You’ve spent a lot of money on the best running shoes; it probably wouldn’t hurt to know how to keep them clean. Sure, running shoes won’t stay fresh long after you start using them, but you can at least try to extend the life of your favorite pair by keeping them clean and odor-free.
With our step-by-step guide and running shoe cleaning tips, you can keep your favorite Adidas and Nike running shoes clean. These running shoe cleaning tips can also be used to keep your trail running shoes and women’s running shoes clean.
Why clean your running shoes?
This is the icky part; after reading this you will be running for the running shoe wash! Basically, if you don’t clean your running shoes, bacteria, body oils, and dirt can accumulate inside causing bad odors, especially if you keep your running shoes in a warm place.
It’s not the kind of impression you want to make in the gym or at your local running club. Aside from personal hygiene, that’s not the only reason to keep them clean. Bacteria, body oils and dirt can start rotting insoles, upper fabrics and seams – oh my dear wallet! This process speeds up even more if you regularly store your running shoes in a warm environment.
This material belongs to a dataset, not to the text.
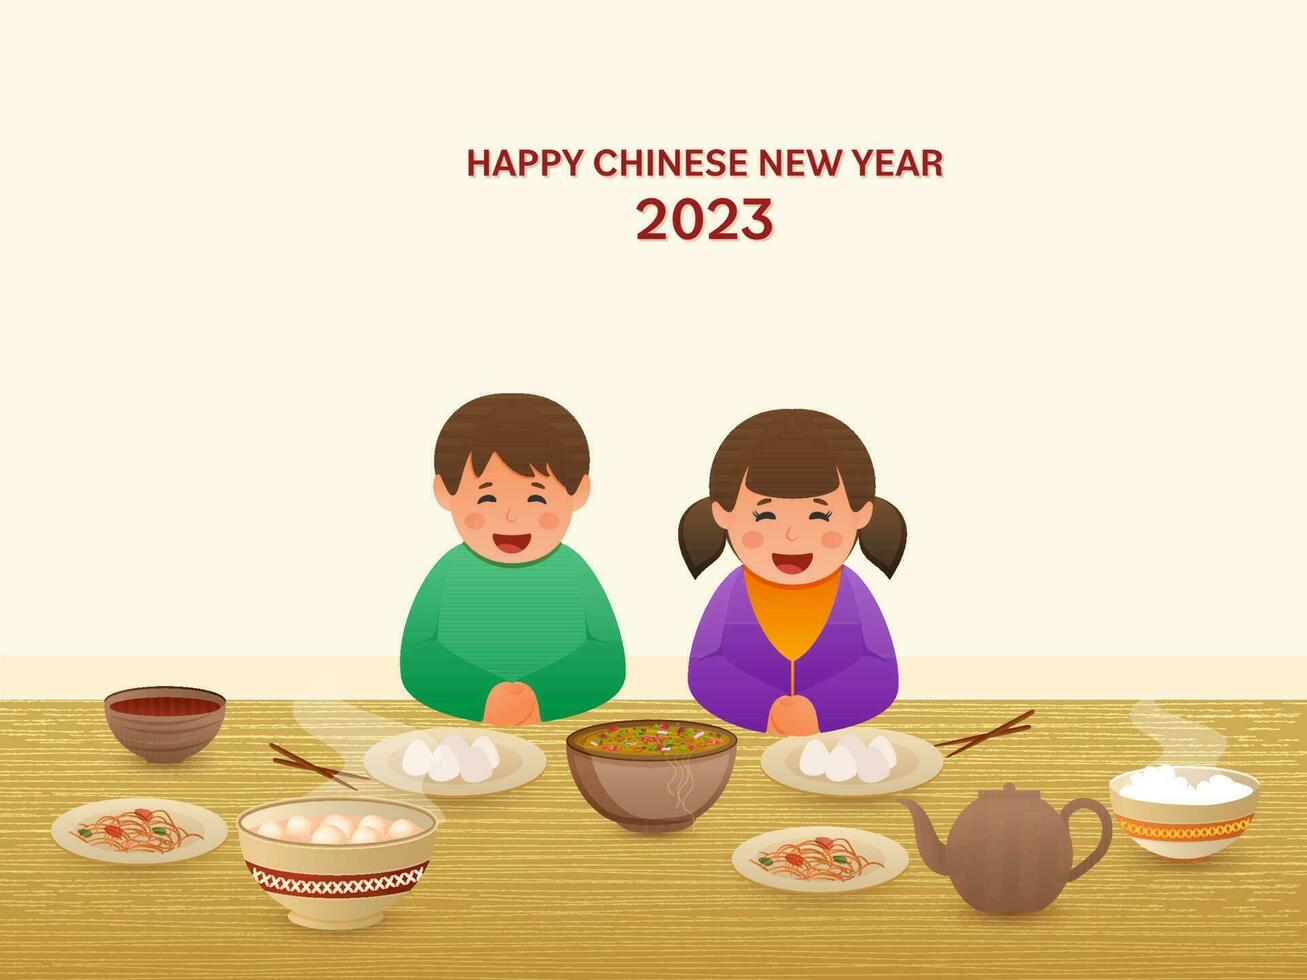 alegre chinês sentado dentro frente do delicioso refeições em a ocasião do feliz chinês Novo ano 2023. vetor

How often should you clean your running shoes?
No one has time to meticulously clean their running shoes after every run; once every 2-3 months is enough to combat bacterial growth. Or sooner if you sniff them and it’s not what you’d call scented, or if other exercise enthusiasts start to push you away…that’s your cue to grab the cleaners.
Which running shoe cleaners should I use?
There are many running shoe washing products and kits on the market, but we recommend buying something eco-friendly; if you like running in the clean, fresh air and in the countryside, it’s good to help make it so. In the video below, we use the Nikwax Sandal and Athletic Shoe Cleaner (opens in a new tab)an active deodorizing shoe cleaner that cleans and eliminates odors.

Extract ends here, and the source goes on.